Among her opening remarks, Robin Mackenzie will call for more research into possibilities for enhancing how we experience the dying process. She will also suggest that people should have a whole range of choices over how, when and with whom they die.

She says: 'My research into the demedicalisation of dying suggests that there's a groundswell of people wanting to exercise choices in dying beyond euthanasia and palliative care options. Exit International represents one choice for many of the well elderly who may wish to commit suicide before they become terminally ill, using means which provide a painless, peaceful and certain death.

'We all wish to avoid a society where some feel a duty to die and others an obligation to kill. One way of doing this is to find out more about the process of dying and different ways of achieving death without pain, suffering and side effects. Genetic variations mean that we react differently to end of life medications. The pharmacogenetics of the dying process deserves further investigation.

'We also lack an evidence base on how we experience death. Neuro-imaging technologies could provide data which would allow us to orchestrate our dying, as we choose the form of a funeral service. Palliative care is beginning to accept a role for psychoactive substances such as psilocybin as pain relief and spiritual solace. More research is needed into such possibilities.'

Robin Mackenzie is a member of the National Council for Palliative Care Ethics Committee, the South East Research Ethics Committee, the East Kent University Hospital Research and Development Committee, the Steering Group on Domestic Violence for the Family Justice Council, the Kent Family Justice Council and the National Institute of Healthcare and Clinical Excellence Topic Selection Group on Long Term Conditions.

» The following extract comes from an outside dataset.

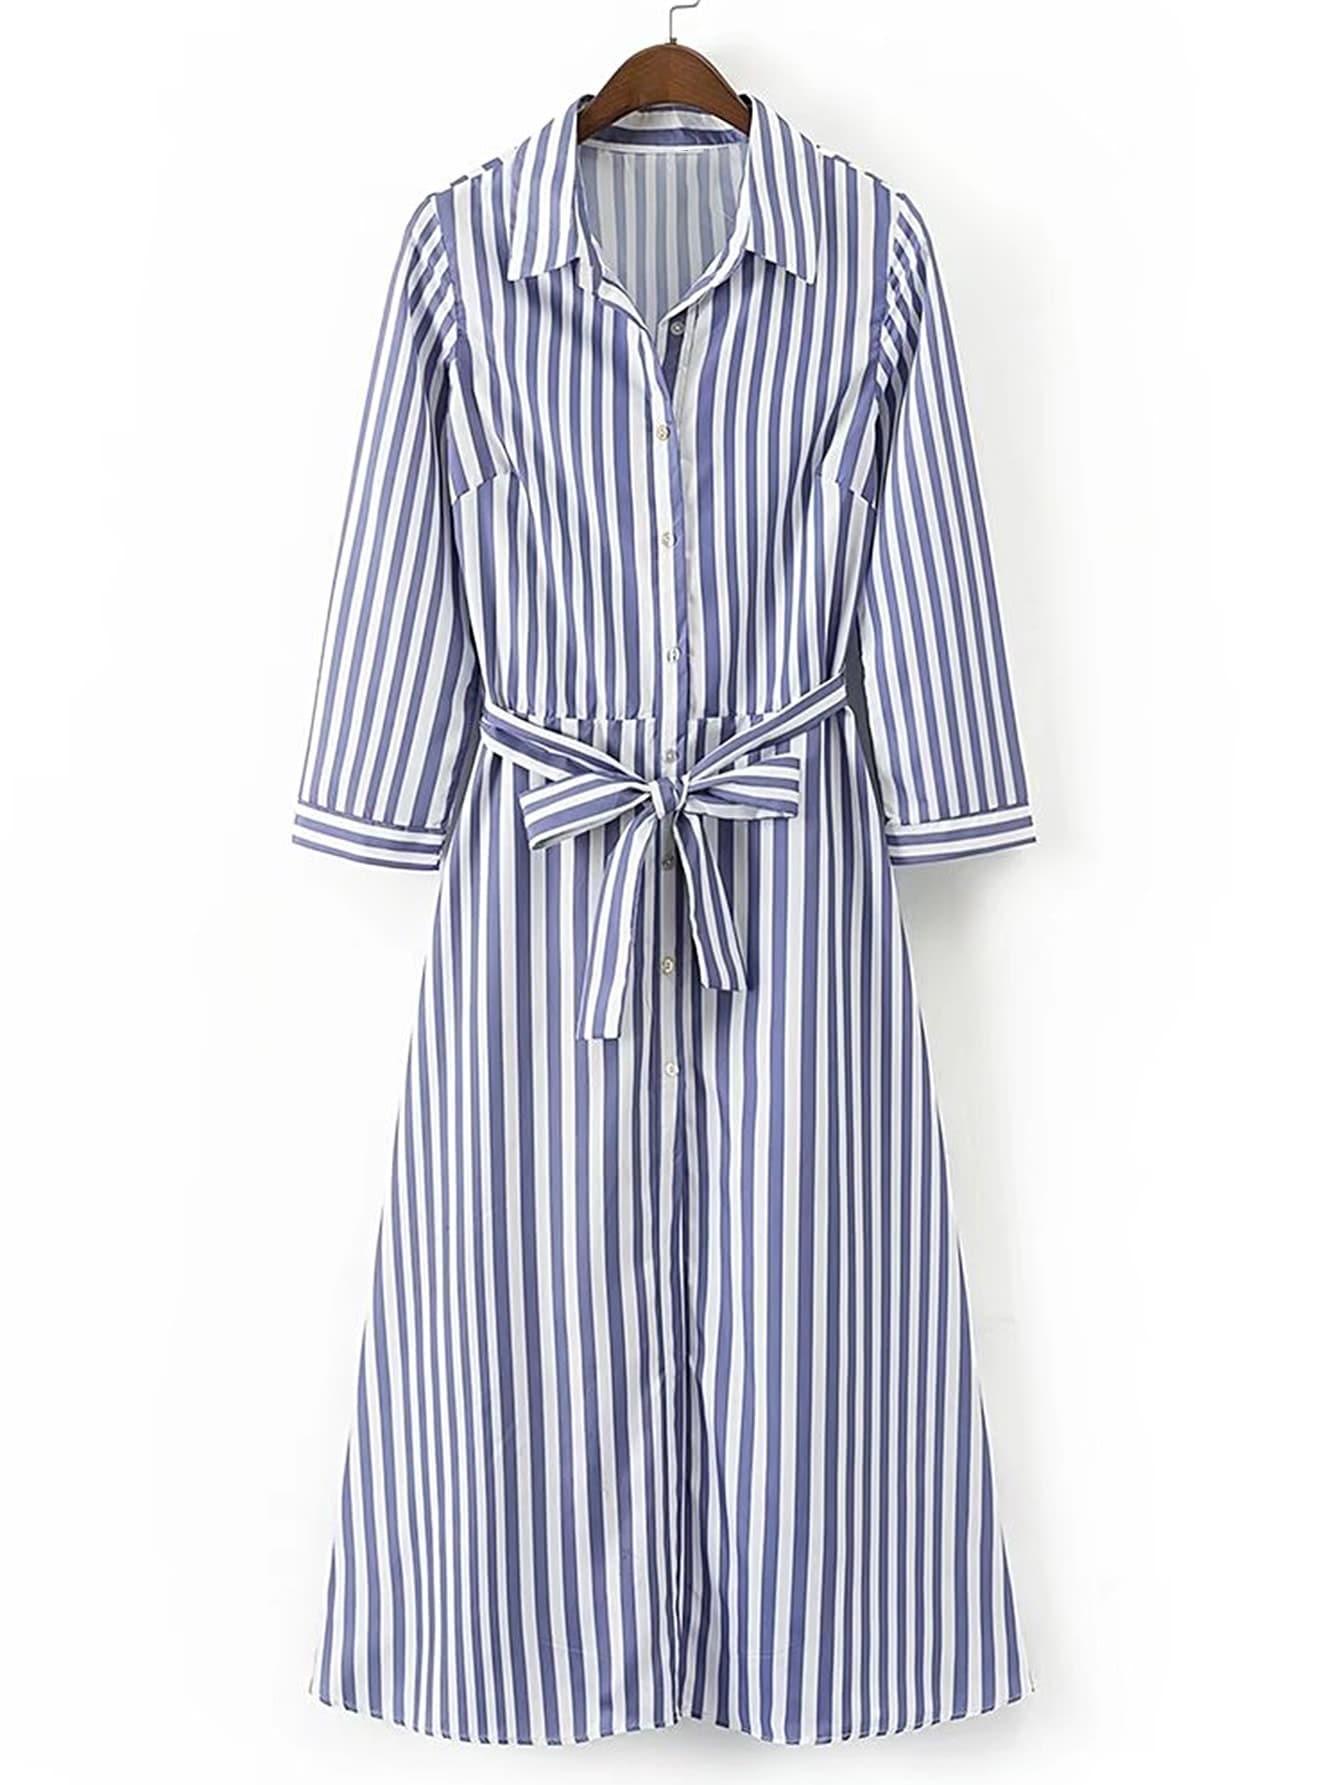 Vertical striped tie waist a line shirt dress shein for Vertical striped dress shirt

Her latest research includes articles on enhancing death and dying, ethical aspects of research involving the dying, psychoactive substance use, constructions of addiction, reprogenetics, pharmacogenomics, elective amputation and transableism, dismantling the human/nonhuman animal distinction, synthetic biology and the regulation of new biotechnologies.

She is currently working on a book on the demedicalisation of death and enhancing the dying process.